> **Source data**
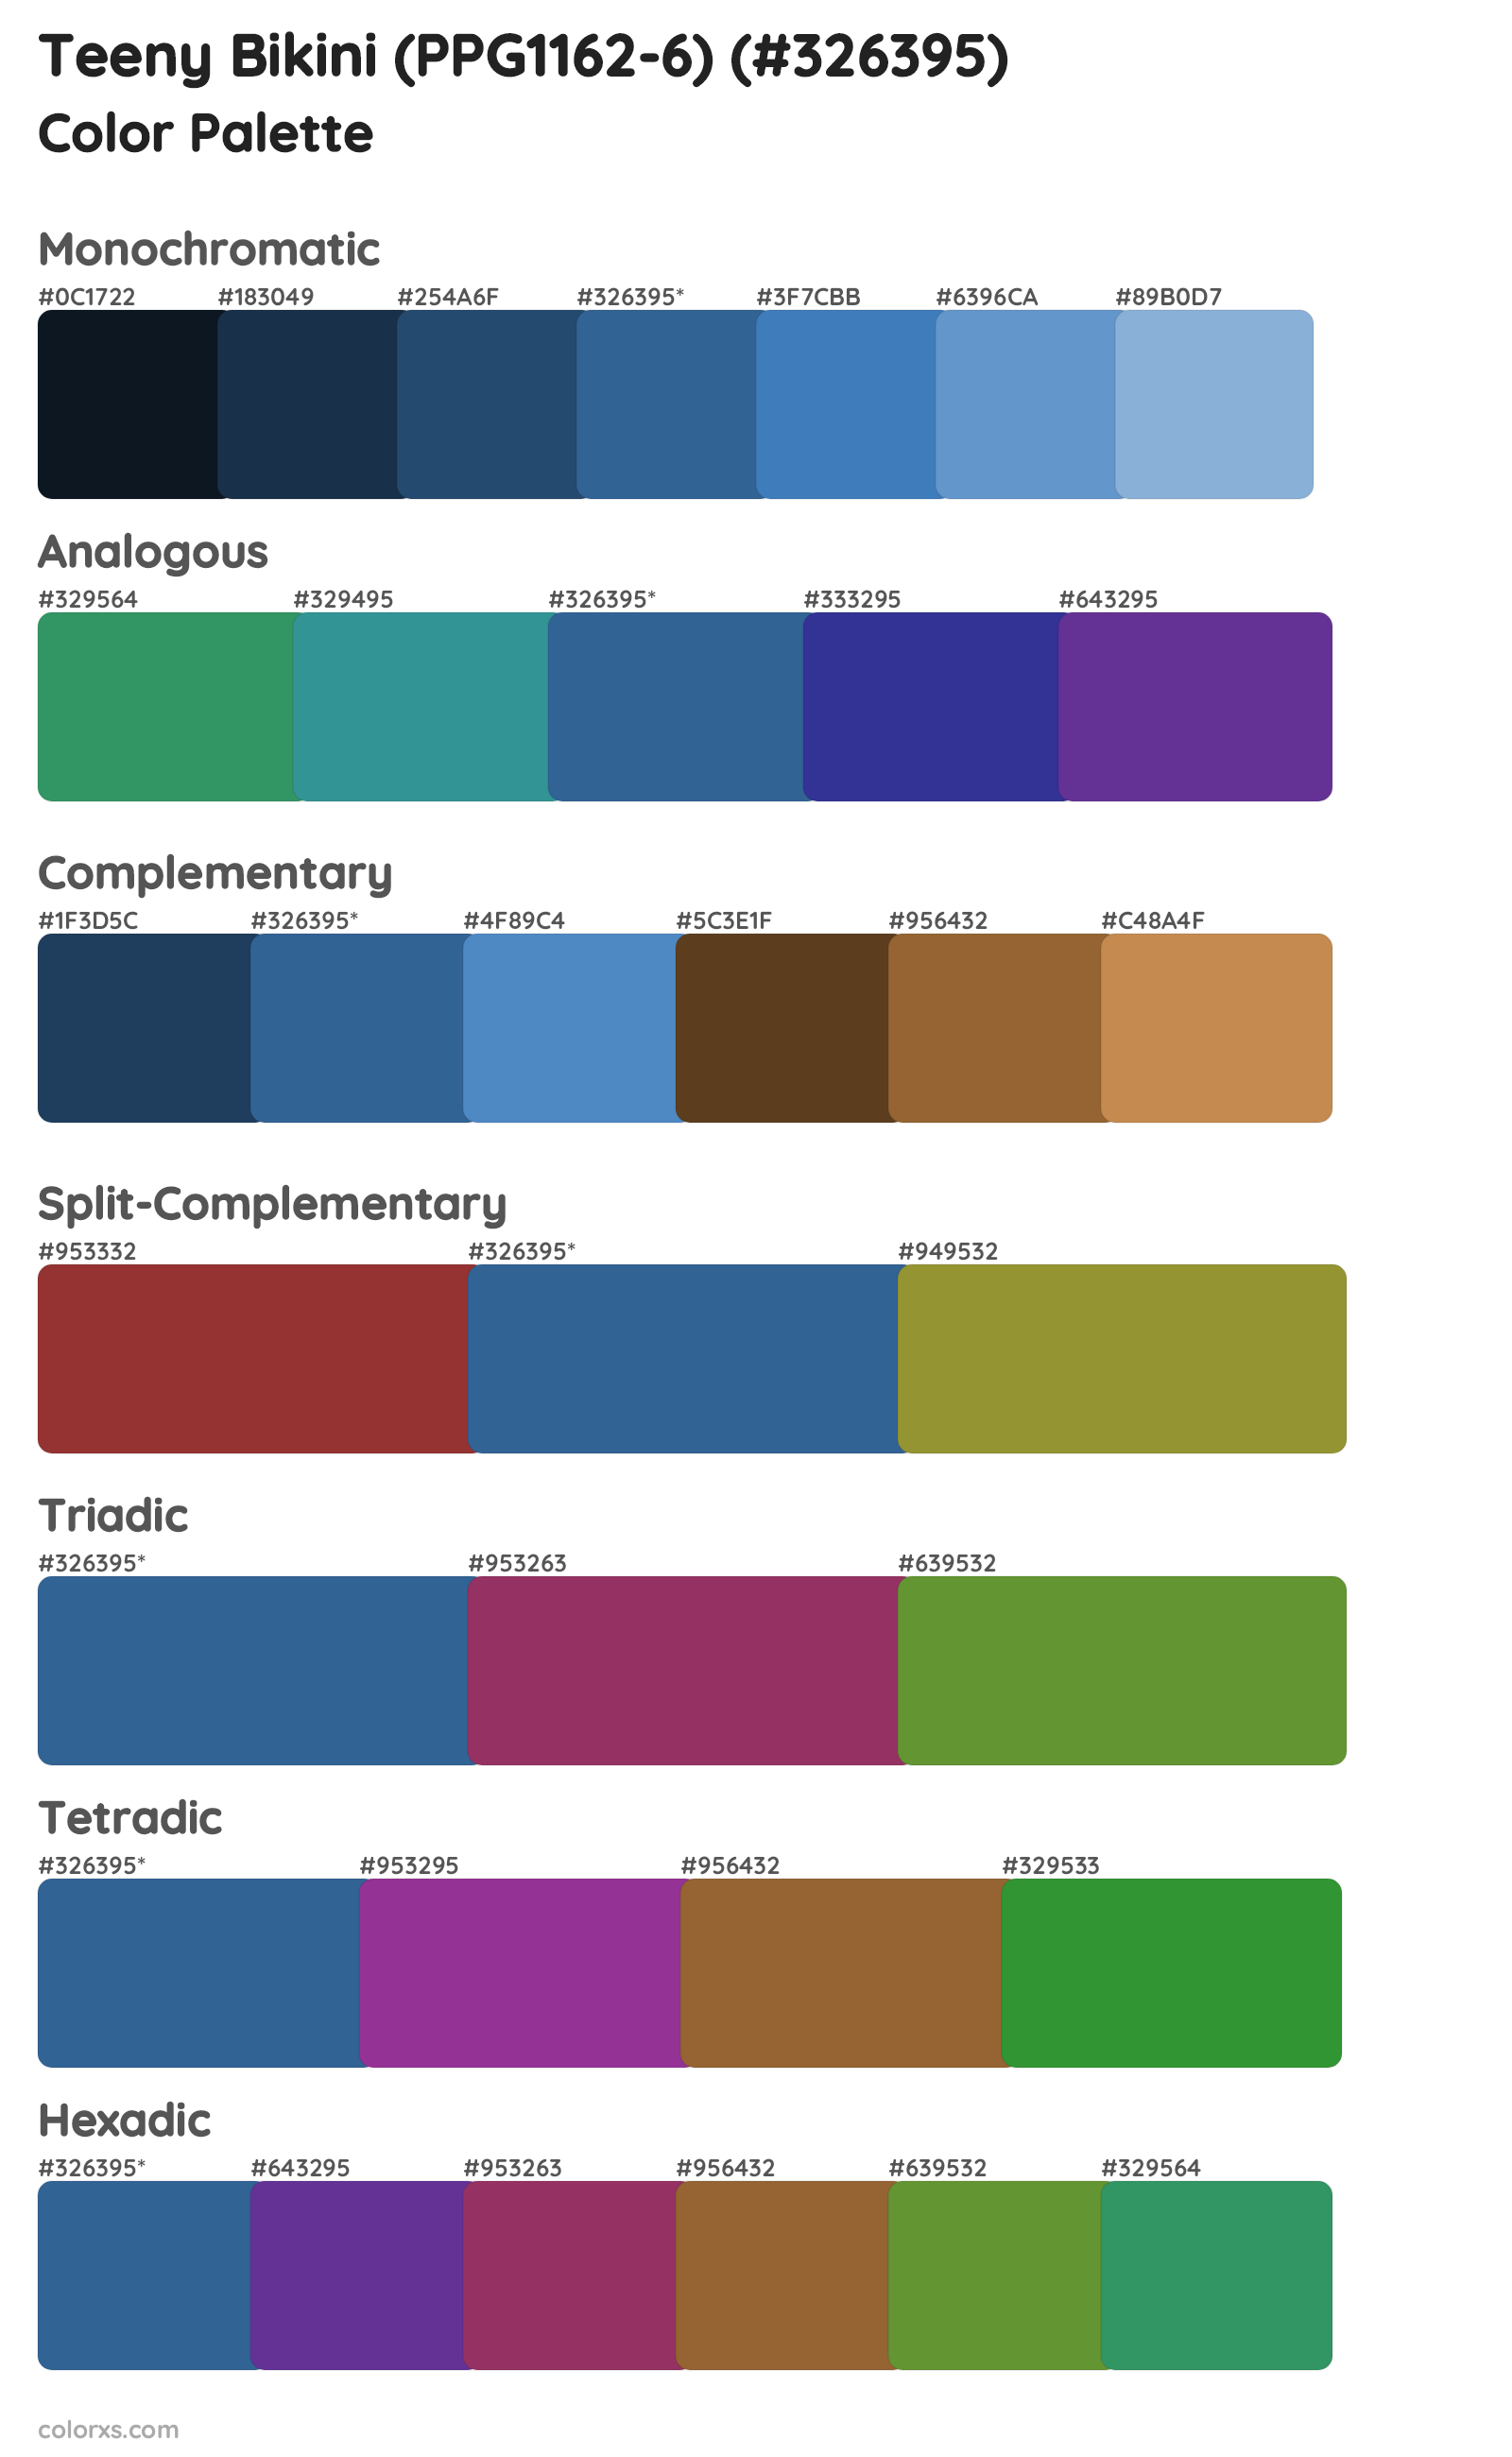 Teeny Bikini (PPG1162-6) Color Scheme Palettes
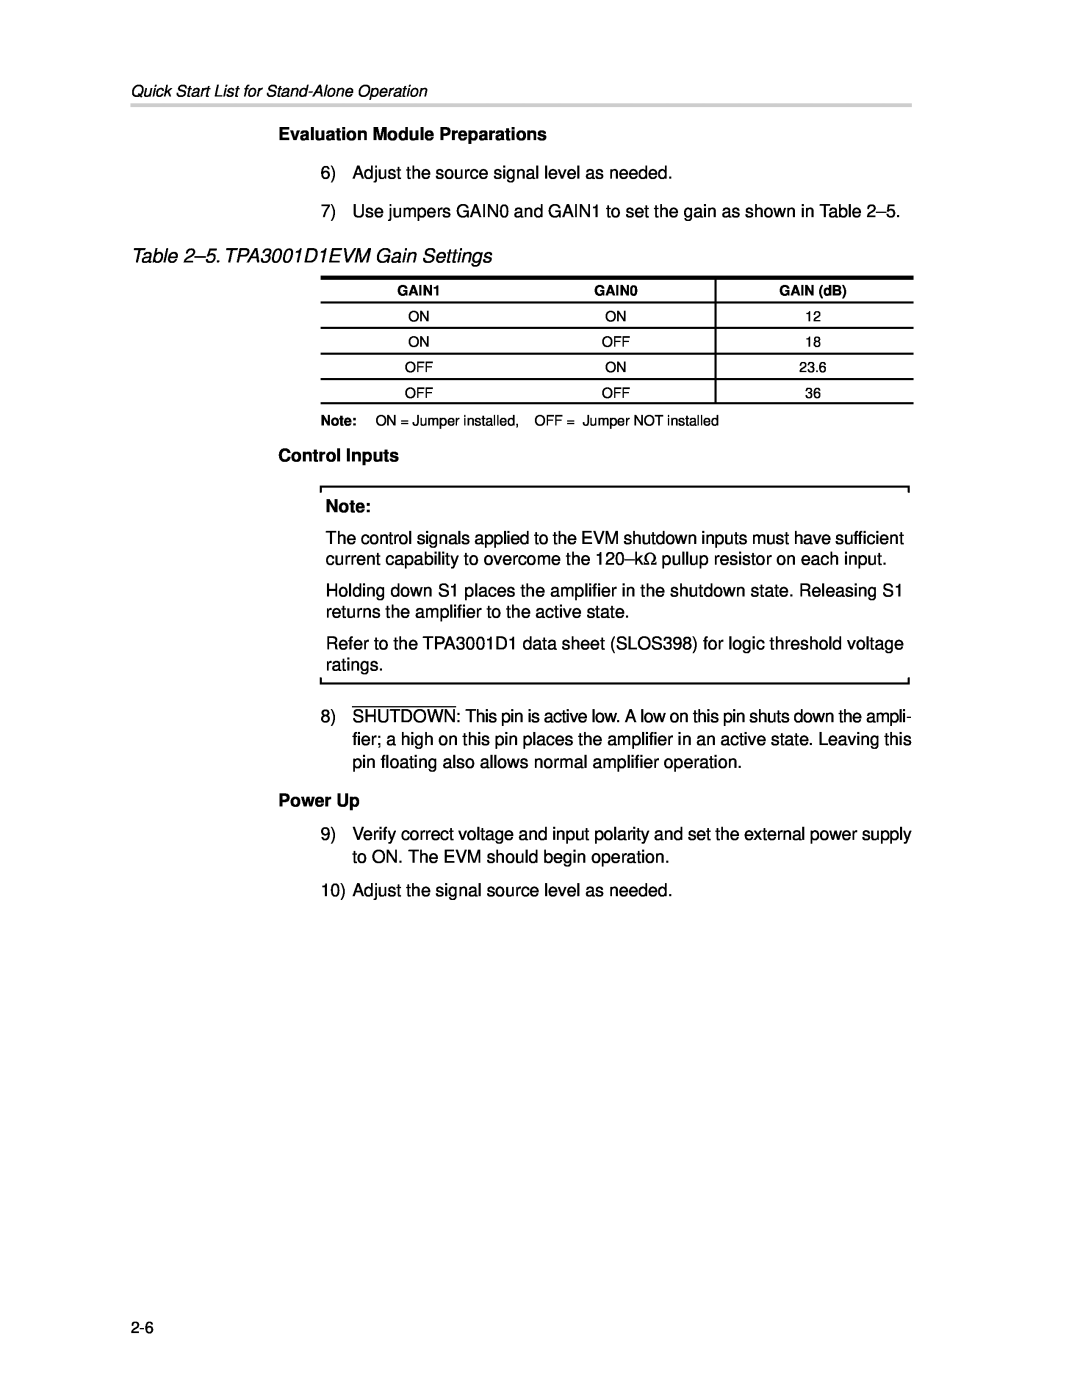 Texas Instruments manual 5.TPA3001D1EVM Gain Settings, Evaluation Module Preparations, Control Inputs, Power Up 
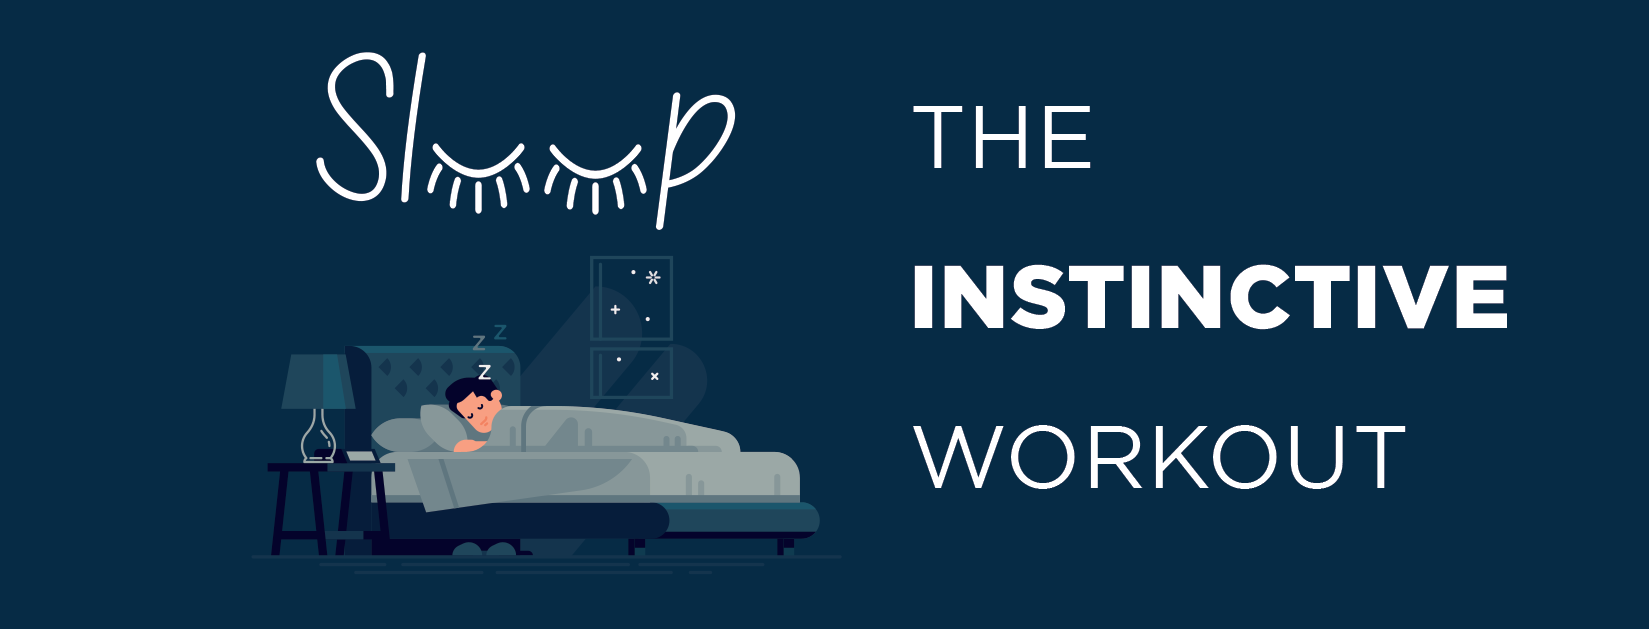 Sleep -The Instinctive Workout by Dr. David Synnott
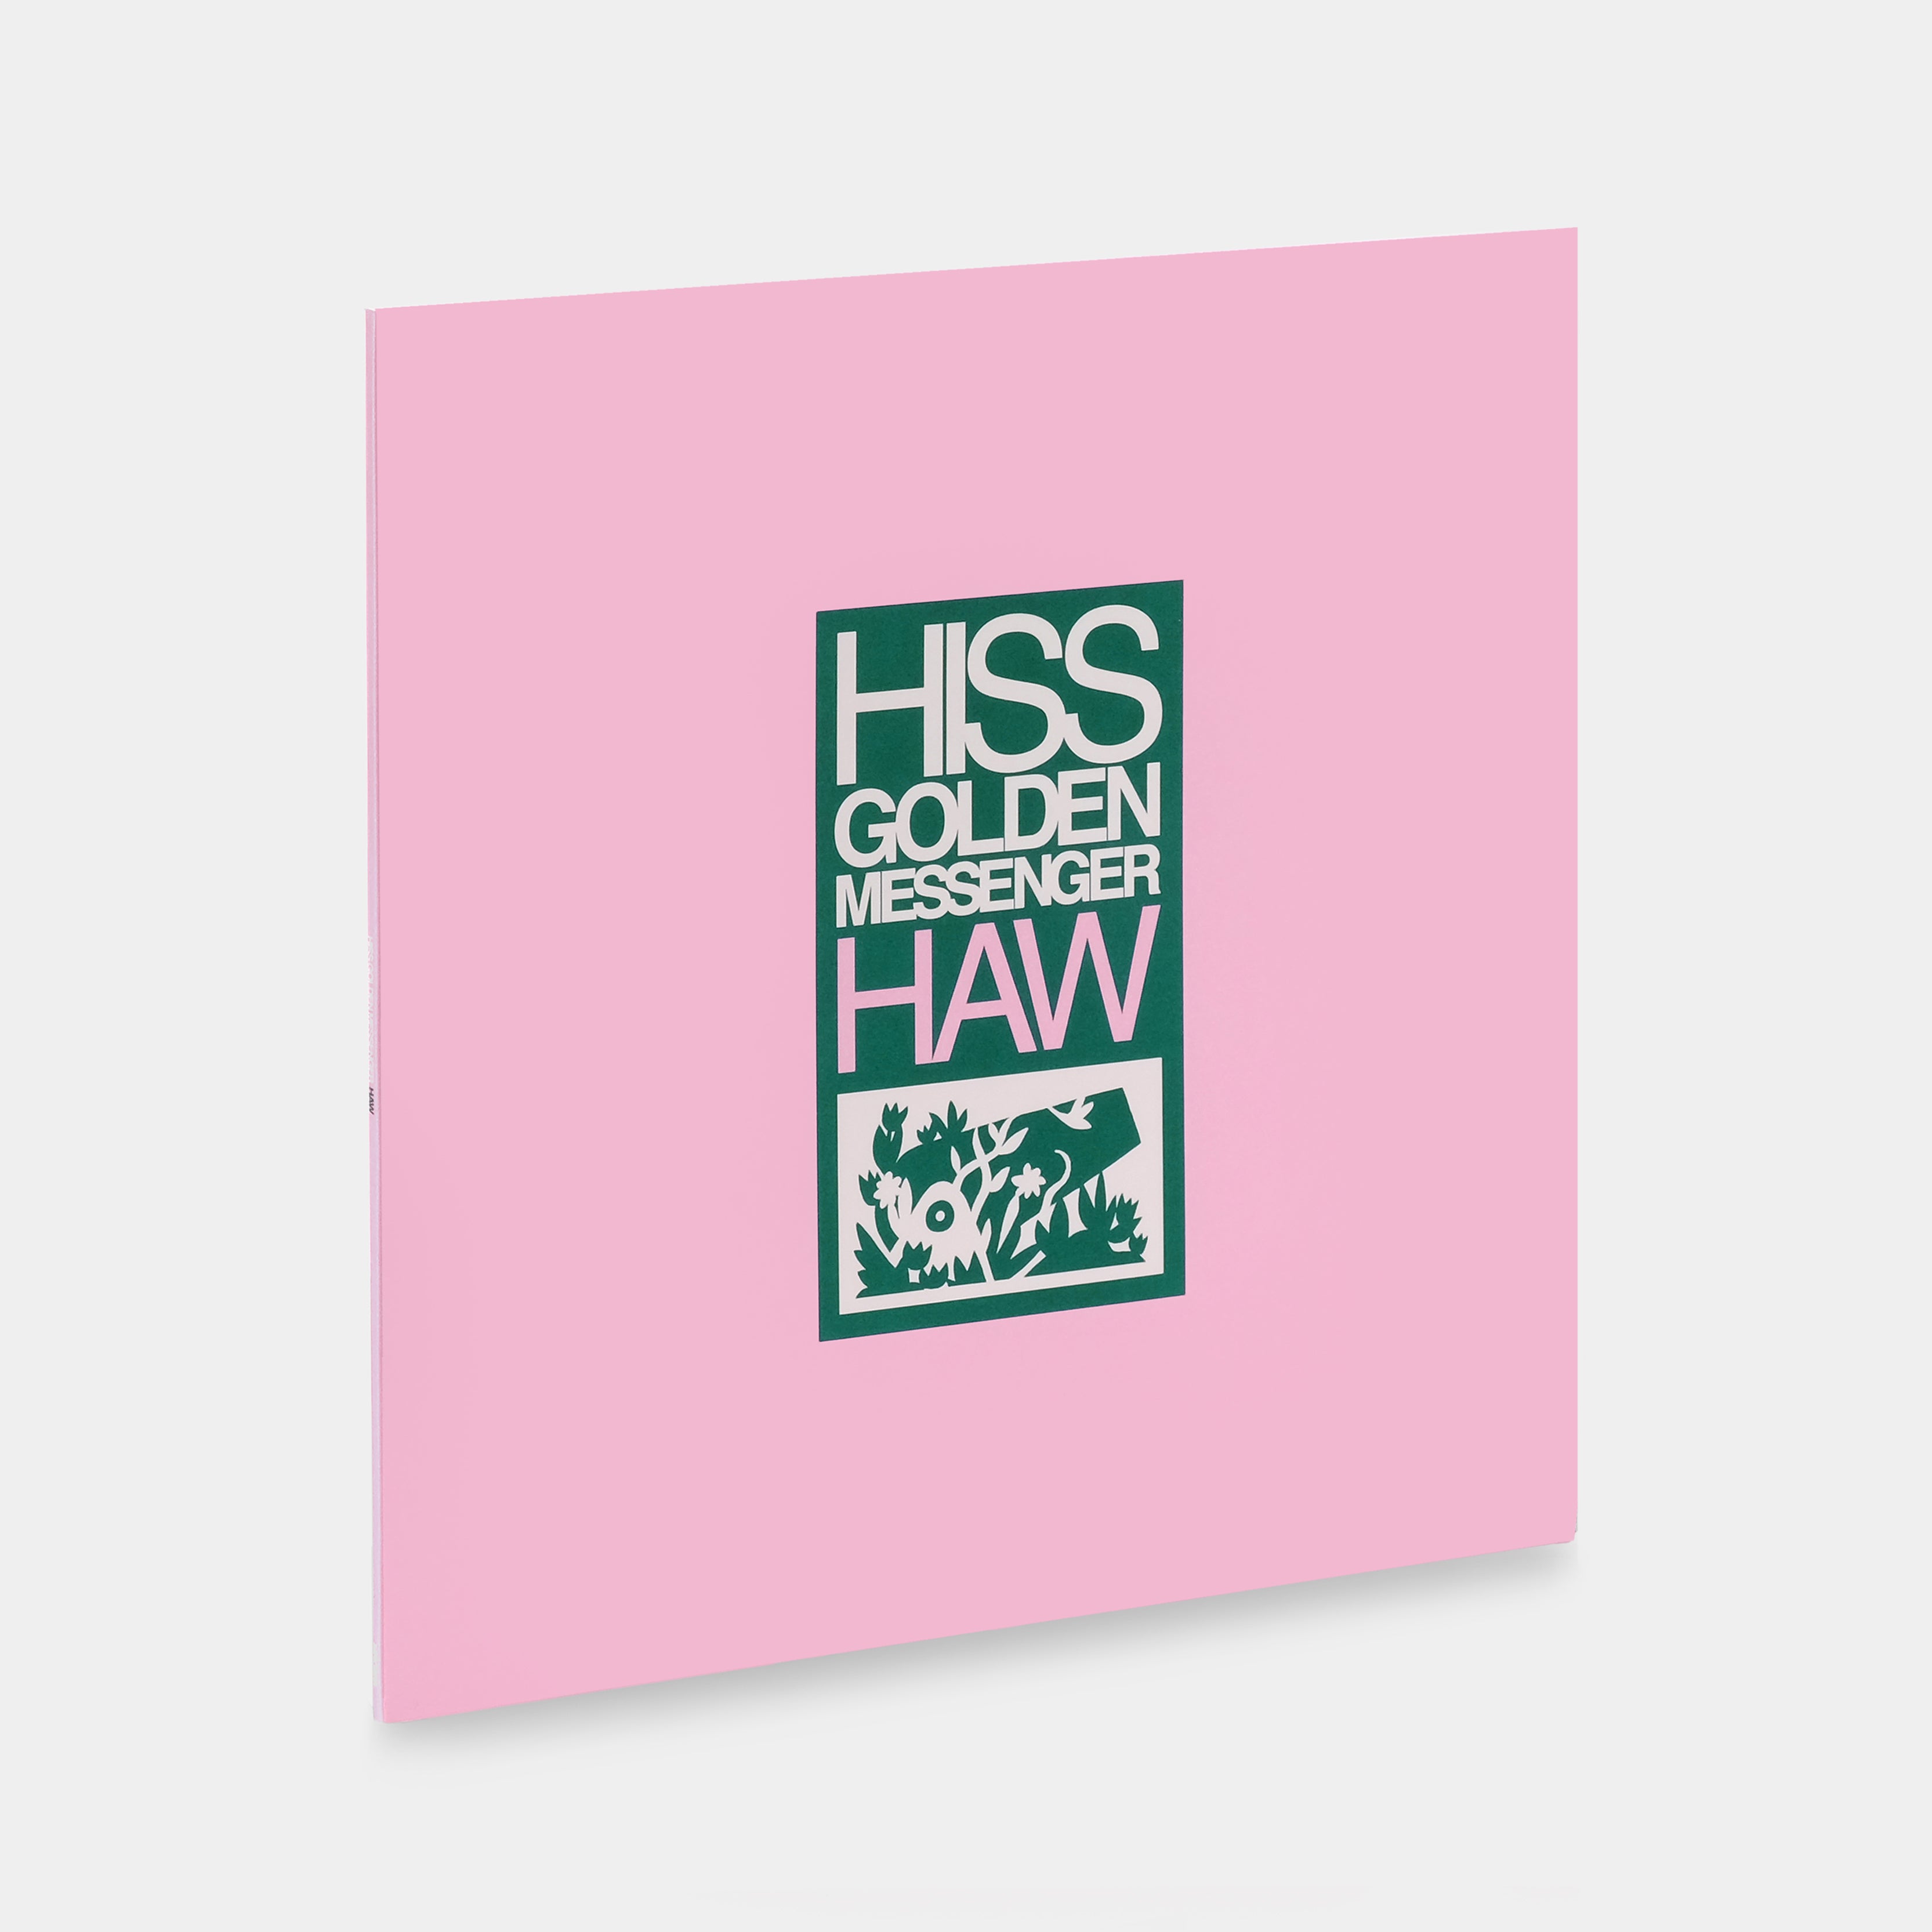 Hiss Golden Messenger - Haw LP Vinyl Record

> **Task prompt**
Although the material contains pictures, only the lines are to be written out, exactly as they stand.

> **Answer section**
 Teeny Bikini (PPG1162-6) Color Scheme Palettes
 Texas Instruments manual 5.TPA3001D1EVM Gain Settings, Evaluation Module Preparations, Control Inputs, Power Up 
 Sleep -The Instinctive Workout by Dr. David Synnott
 Hiss Golden Messenger - Haw LP Vinyl Record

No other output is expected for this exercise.